Cathy’s Review: Della is a school teacher in the year 1899, she has taught school for two years in Salt Lake City, on the west side. She is the niece of prominent attorney Karl Anders, she’s been raised by them since her father died in a mining accident when she was young, but she’s never felt as though she were a part of the family. She spontaneously decided to take a teaching job in the small mining community of Winter Quarters, which her Aunt Caroline especially doesn’t approve of. The town of Winter Quarters is far up the canyon and it’s a bit of a trial to get there, even by train. The coal cars coming out of the canyon have the right of way on the train tracks, so the trains must wait on a side line and they shake uncontrollably as the coal cars rush by. This is very startling to Della, she’s used to the big city, not to the life of a remote mining camp. It doesn’t help that the principal of the school, Miss Clayson doesn’t like her, or her curly hair! And her little house burned down right before her arrival, so Della has no where really to live. Things are looking hard, but then she meets the children and falls in love with them. But will the children be the only ones she falls in love with?
I LOVED this book, even 3 days after finishing it, I can’t stop thinking about Della and the story. This story is a bit of historical fiction with romance thrown in. I had never heard the story of the Winter Quarters mine, but I find myself thinking about it and about the good people that lived there and worked in the mine. The plot was engaging, I didn’t want to stop reading. I loved the characters. Carla Kelly’s books are amazing and this book was no exception to that. I hope that there is a sequel to this one, I would really love to find out what happened to the people that lived in Winter Quarters.
About the Author: Award-winning author Carla Kelly is a veteran of the New York and international publishing world. The author of more than thirty novels and novellas for Donald I. Fine Co., Signet, and Harlequin, Carla is the recipient of two Rita Awards (think Oscars for romance writing) from Romance Writers of America and two Spur Awards (think Oscars for western fiction) from Western Writers of America. Recently, she’s been writing Regency romances (think Pride and Prejudice) set in the Royal Navy’s Channel Fleet during the Napoleonic Wars between England and France. She comes by her love of the ocean from her childhood as a Navy brat.

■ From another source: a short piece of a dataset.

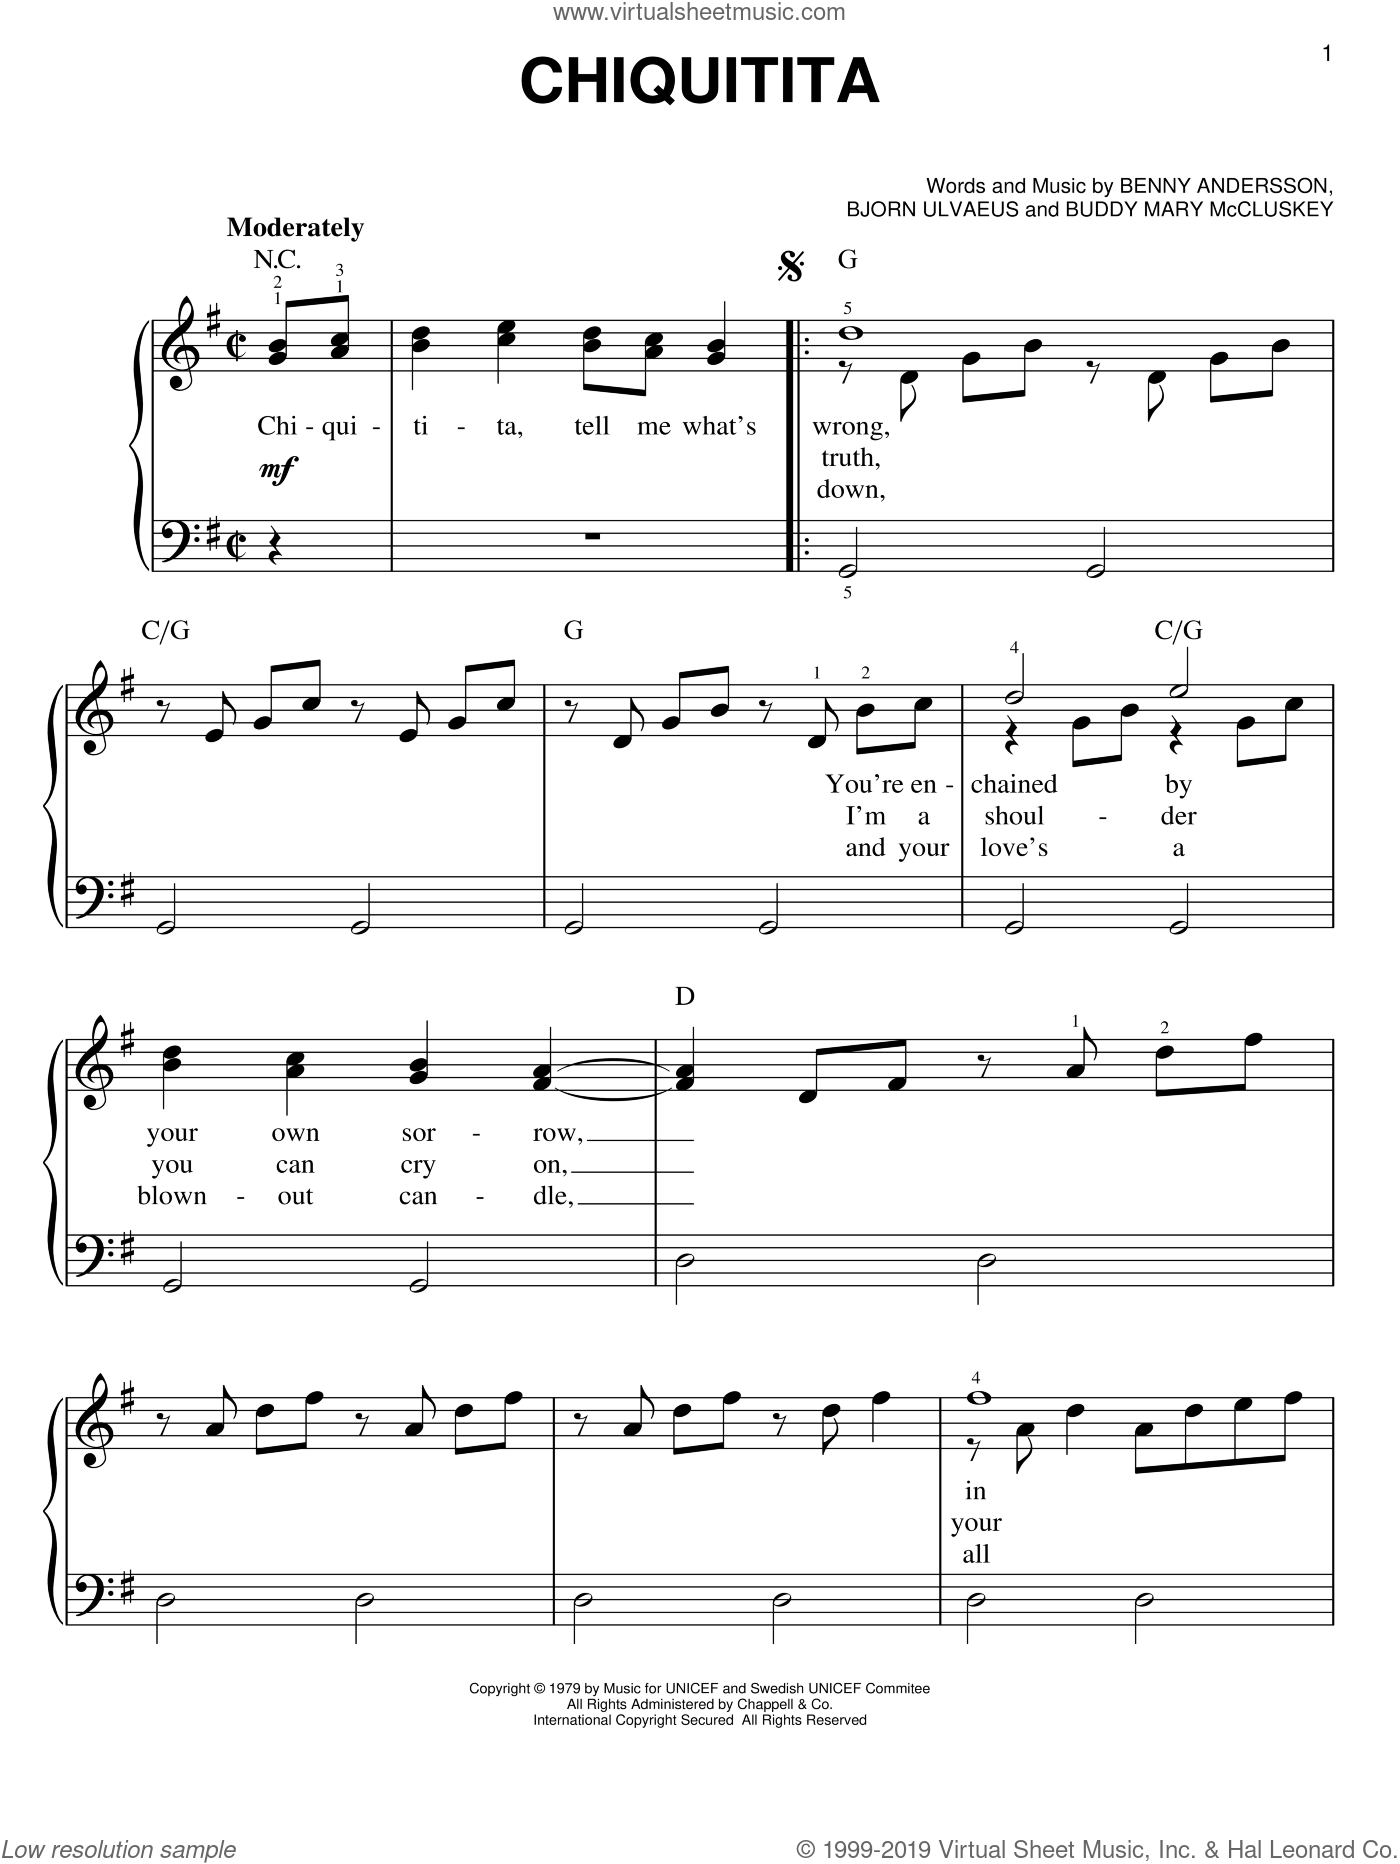 Abba Chiquitita Easy Sheet Music For Piano Solo Pdf 271,255 views, added to favorites 10,038 times. abba chiquitita easy sheet music for piano solo pdf

Carla’s history background makes her no stranger to footnote work, either. During her National Park Service days at the Fort Union Trading Post National Historic Site, Carla edited Friedrich Kurz’s fur trade journal. She recently completed a short history of Fort Buford, where Sitting Bull surrendered in 1881.
Following the “dumb luck” principle that has guided their lives, the Kellys recently moved to Wellington, Utah, from North Dakota and couldn’t be happier in their new location. In her spare time, Carla volunteers at the Railroad and Mining Museum in Helper, Utah. She likes to visit her five children, who live here and there around the United States. Her favorite place in Utah is Manti, located after a drive on the scenic byway through Huntington Canyon.
And why is she so happy these days? Carla is enjoying writing for an LDS audience now, where she feels most at home.
Carla Kelly author
Heather, thanks for the lovely review. Those characters have stck with me, too. In the course of writing this, I came in contact with a lot of miners, and still do, since we live in a Carbon County mining/ranching community. The miners I know are a bunch of charming pragmatists, who shake their head when people think mining is still pick and shovel, as it was in Owen Davis’s day.